Adam B. Wier (University of Notre Dame Department of Chemistry & Biochemistry), Marla R. Gravino (University of Notre Dame Department of Chemistry & Biochemistry), Adam J. Albritton (University of Notre Dame Department of Chemistry & Biochemistry), Nya S. Huff (University of Notre Dame Department of Chemistry & Biochemistry), Brittany S. Morgan, Ph.D. (University of Notre Dame Department of Chemistry & Biochemistry)

Abstract:
Covalent chemistry offers two unique dimensions to RNA chemical biology: 1) certain electrophilic small-molecules selectively react with a nucleophile, such as SHAPE reagents with the 2’-hydroxyl and 2) electrophile-nucleophile reactivities can change in supramolecular contexts, informing us about RNA’s higher-order structures (SHAPE), sites of interactions with RNA-binding proteins (CLIP), and potential binding pockets for small-molecule ligands (RBRP). These methods’ success depends on knowledge of each electrophile’s preference for individual nucleophiles. Yet, there has been no comprehensive census of electrophile reactivity with RNA nucleophiles and only a narrow range of RNA-reactive electrophiles have been demonstrated compared to nucleophilic amino acids.

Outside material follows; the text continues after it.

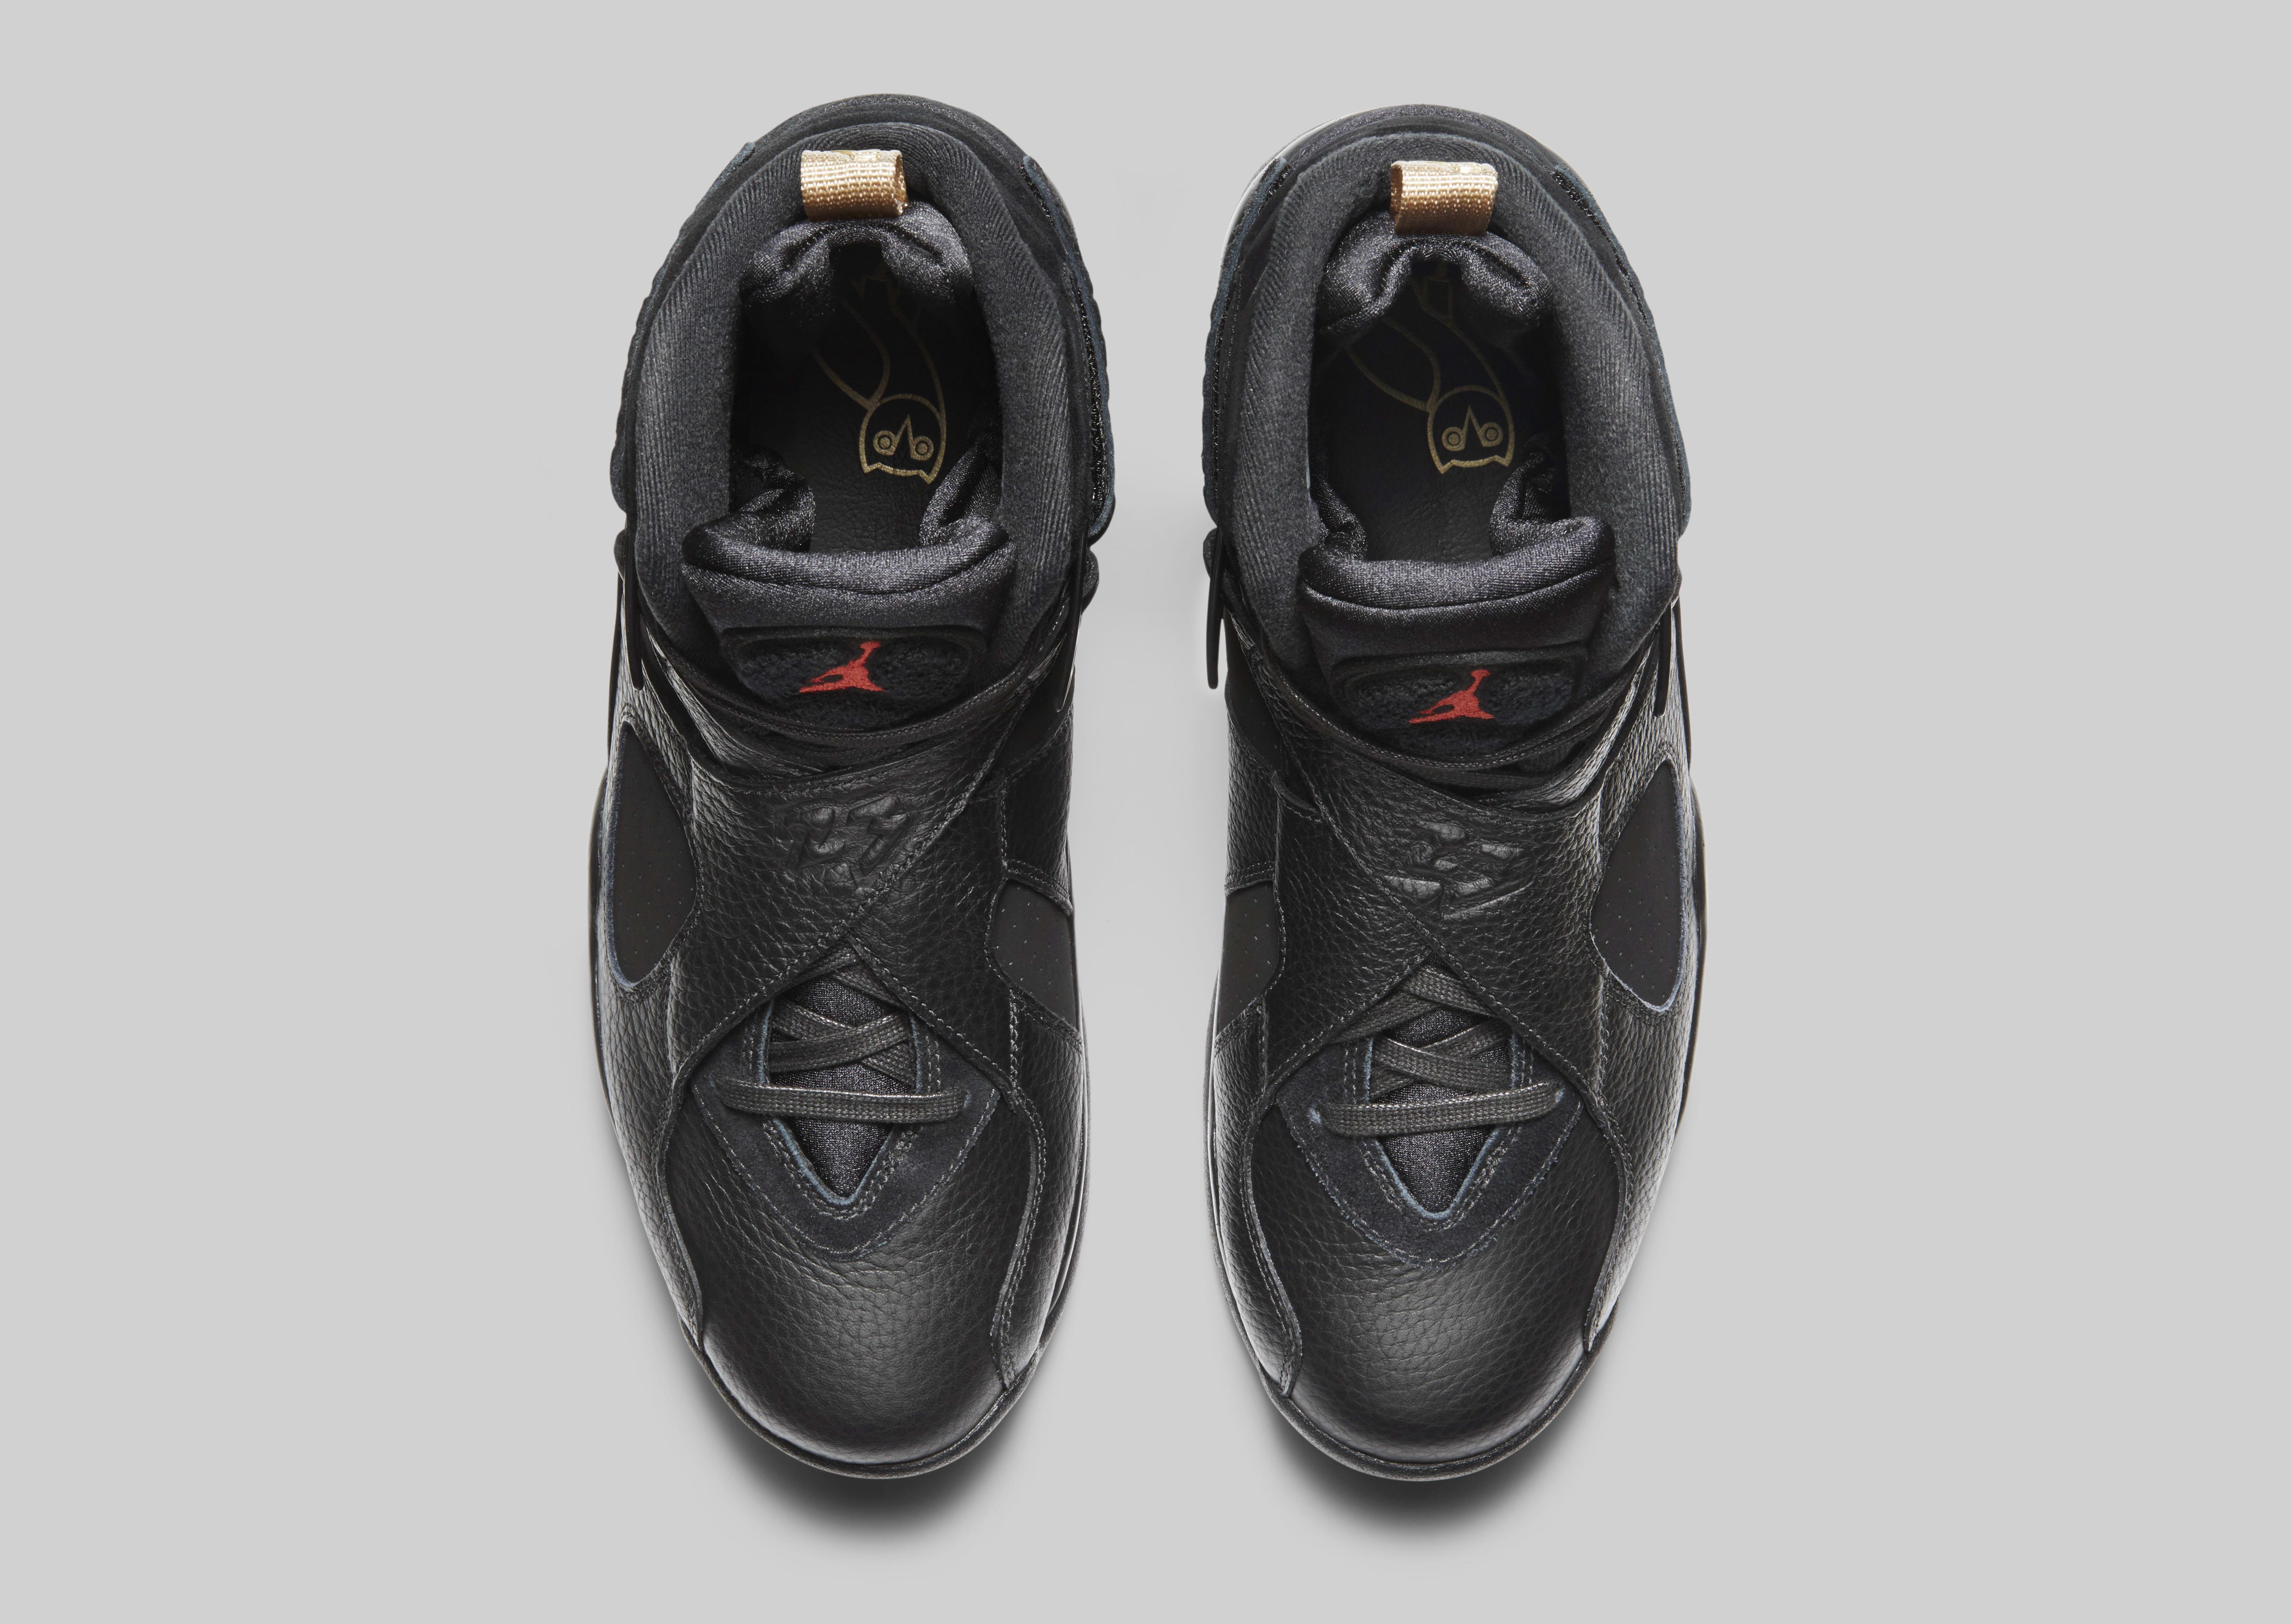 Air Jordan 8 'OVO' Black/Metallic Gold-Varsity Red-Blur AA1239-045 (Top)

To address this gap in knowledge, I have developed a liquid chromatography-mass spectrometry (LC-MS) platform for screening reactions between electrophilic fragments and 5’-monophosphate ribonucleotides as well as methylated nucleobases at pHs 7.4-9.0 to mimic standard and perturbed physiological pKas. Reactive electrophiles are then quantified for differences in percentage of covalent bond formation in physiological conditions using high-performance liquid-chromatography coupled with UV-absorbance (HPLC-UV); products are identified using 1H and 13C NMR. We have found that novel chemistries can display specificity for a given nucleotide, broad reactivity, or inertness. To explore how these reactivities change in a structural context, I have also designed a LC-MS platform for the separation and identification of reaction products with a small RNA hairpin loop. This is the first census of electrophile reactivity with ribonucleotides, providing greater context for chemistries used with RNA and broadening the available tools for researchers looking to develop covalent strategies for studying the transcriptome.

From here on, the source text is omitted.